C’est parachever, dans la perspective des célébrations du centenaire, la loi de séparation de l’Église et de l’État votée en 1905.

Pour cela, ils ont eu l’idée perverse de fonder sur l’islamophobie atavique et naturelle d’un pays de vieille tradition chrétienne une loi qui, sitôt votée, sera retournée contre les catholiques français.

En 1905, l’anti-dreyfusisme affiché dix ans plus tôt par certains catholiques avait fourni le prétexte de la loi de séparation.

Cette loi, Jaurès la salua comme une défaite définitive de L’Église qu’il imputa aux évêques à qui il administra une cinglante leçon de logique :

« Lorsqu’on a proclamé que Dieu est si intimement mêlé aux choses humaines qu’il s’est incarné dans un individu humain et qu’il a transmis à une Église le droit de continuer cette incarnation, il est impossible que Dieu ne reste pas incarné dans cette Église comme la puissance souveraine et exclusive devant laquelle les individus, les sociétés, les patries, toutes les forces de la vie, doivent s’incliner.

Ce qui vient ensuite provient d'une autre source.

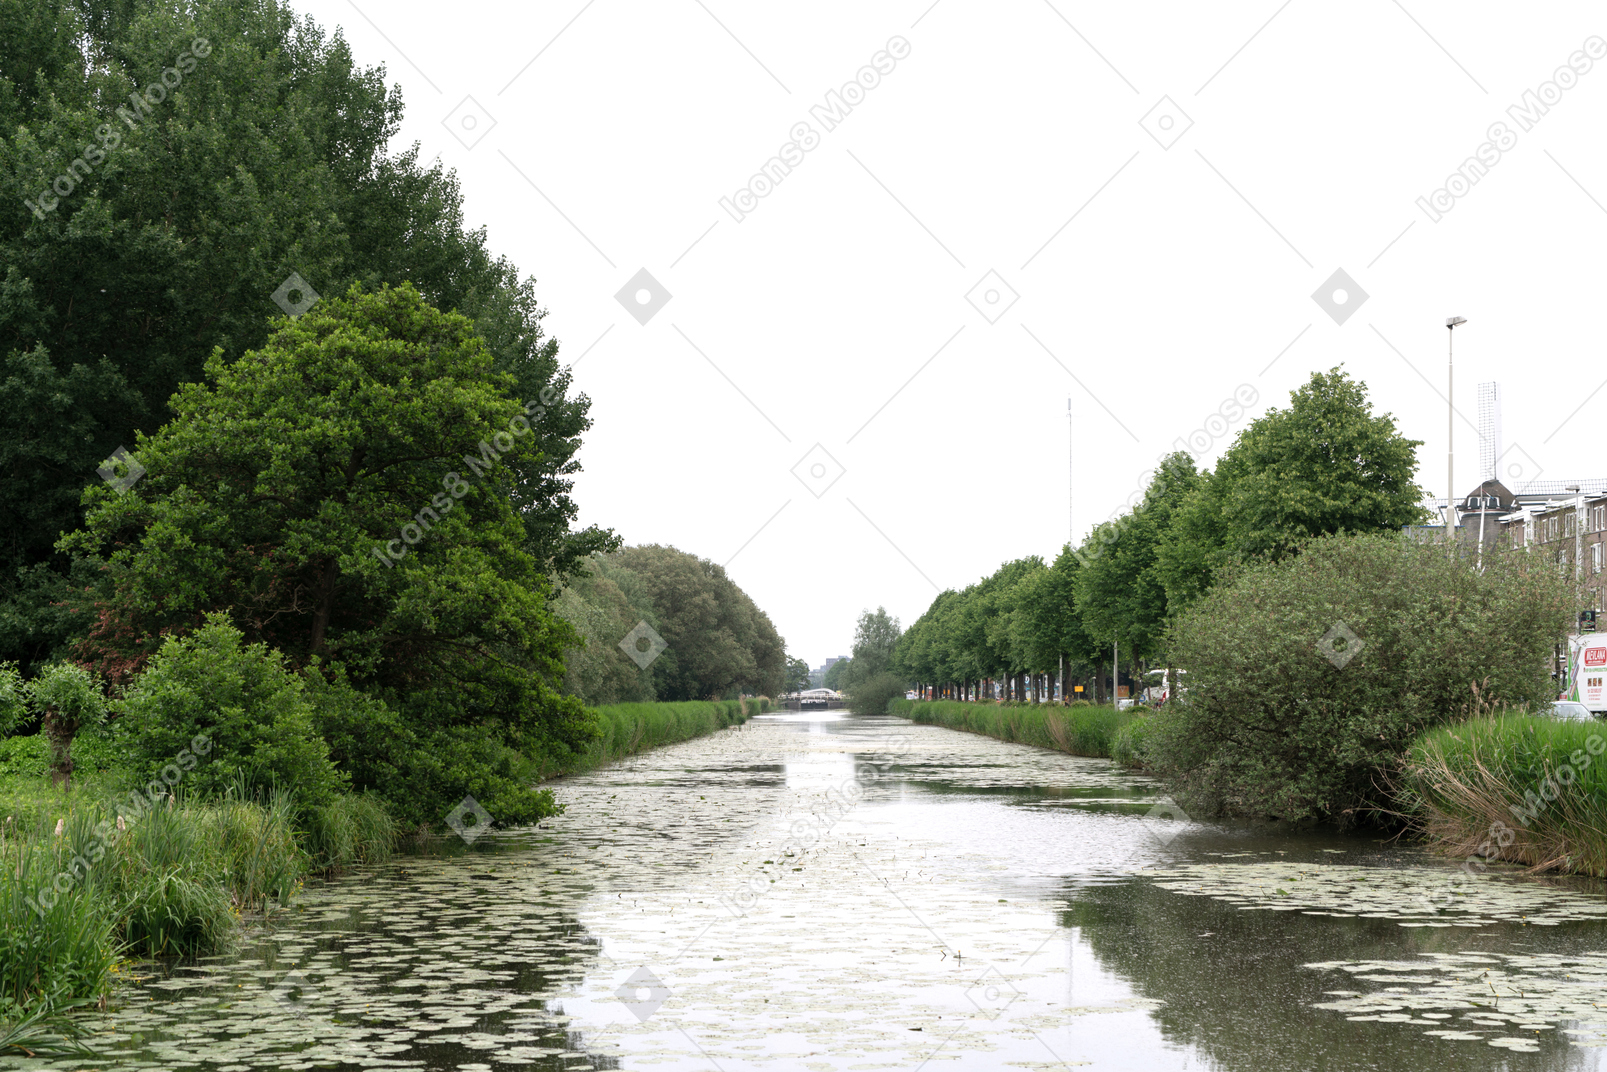 Una vista di un fiume con alberi su entrambi i lati
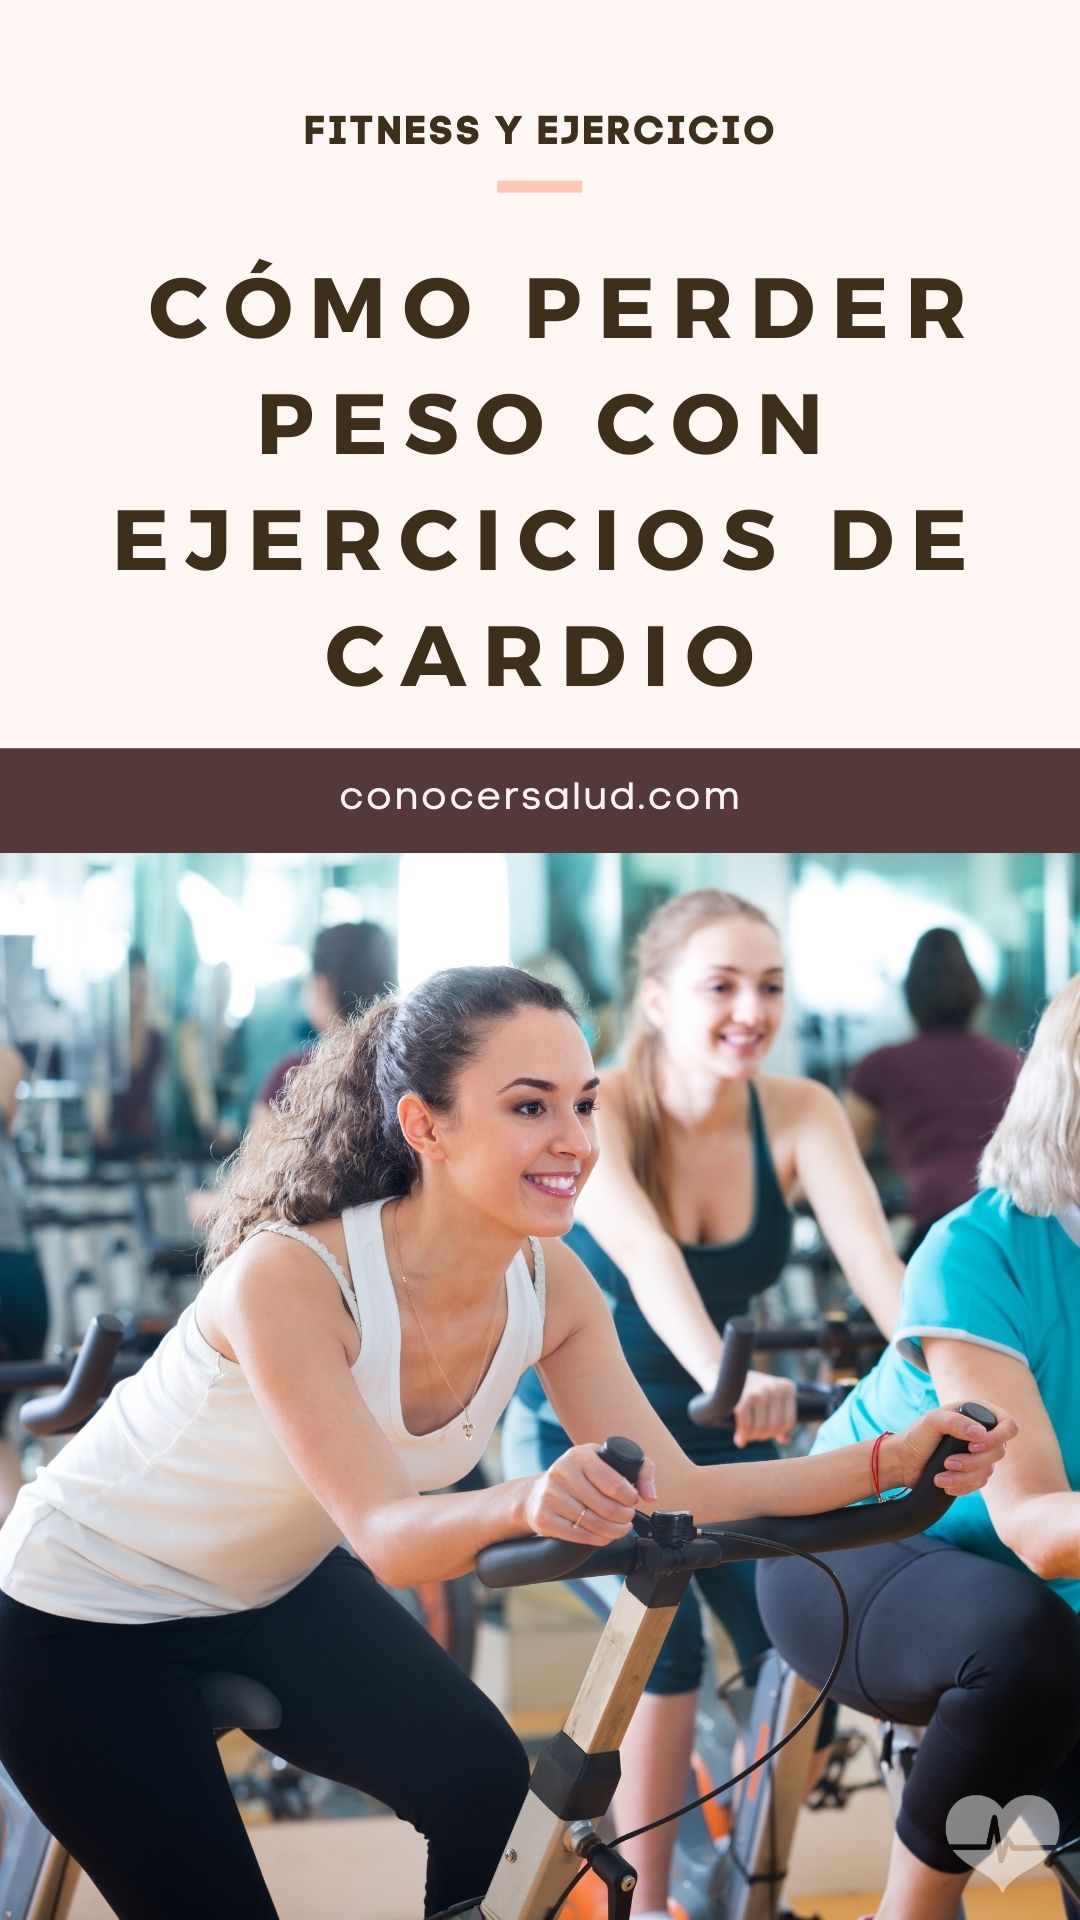 Cómo perder peso con ejercicios cardiovasculares

Voilà la contradiction des deux mondes, voilà la contradiction des deux principes et voilà, par conséquent (...) la dualité et le conflit.

Si les hommes de la Révolution poussent au bout le principe révolutionnaire et si les chrétiens poussent au bout le magistère de l’Église, c’est, dans une société unie en apparence, dans une société où nous aurons tous la même figure d’hommes, le plus prodigieux conflit qui se puisse imaginer. »

Et d’ajouter, implacable : « Nos adversaires nous ont-ils répondu ? Ont-ils opposé doctrine à doctrine, idéal à idéal ? Ont-ils eu le courage de dresser contre la pensée de la Révolution l’entière pensée catholique ? Non ! Ils se sont dérobés. Ils ont chicané sur des détails d’organisation. Ils n’ont pas affirmé nettement le principe qui est comme l’âme de l’Église »(2).

Le prix, ce fut la haine, la violence et les spoliations des "inventaires", des morts dans toute la France et, une décennie plus tard, après l’affaire des fiches(3), la tragique incompétence de chefs militaires qui, sélectionnés non sur leurs qualités de soldats mais sur leur docilité à la franc-maçonnerie, faillirent conduire la France à l’abîme.

Voilà ce que devraient méditer les évêques conciliaires d’aujourd’hui s’ils avaient un sou de bon sens et de culture.

Mais ils se taisent quand les responsables musulmans et juifs, eux, se dressent au côté de leurs fidèles, contre un système qui n’est pas laïque comme le prétendent ses fanatiques mais purement et simplement athée, c’est-à-dire adorateur du néant.

Serge de Beketch

(1) Ce mot n’est pas une concession à la mode. Il vise à différencier clairement les Français d’âme, de coeur, de sang et de race des citoyens de Sécu, de RMI et d’alloc.
(2) Cité par Jean Ousset dans "Pour qu’Il règne".
(3) Les officiers catholiques, fichés par la secte maçonnique, furent exclus de tout commandement.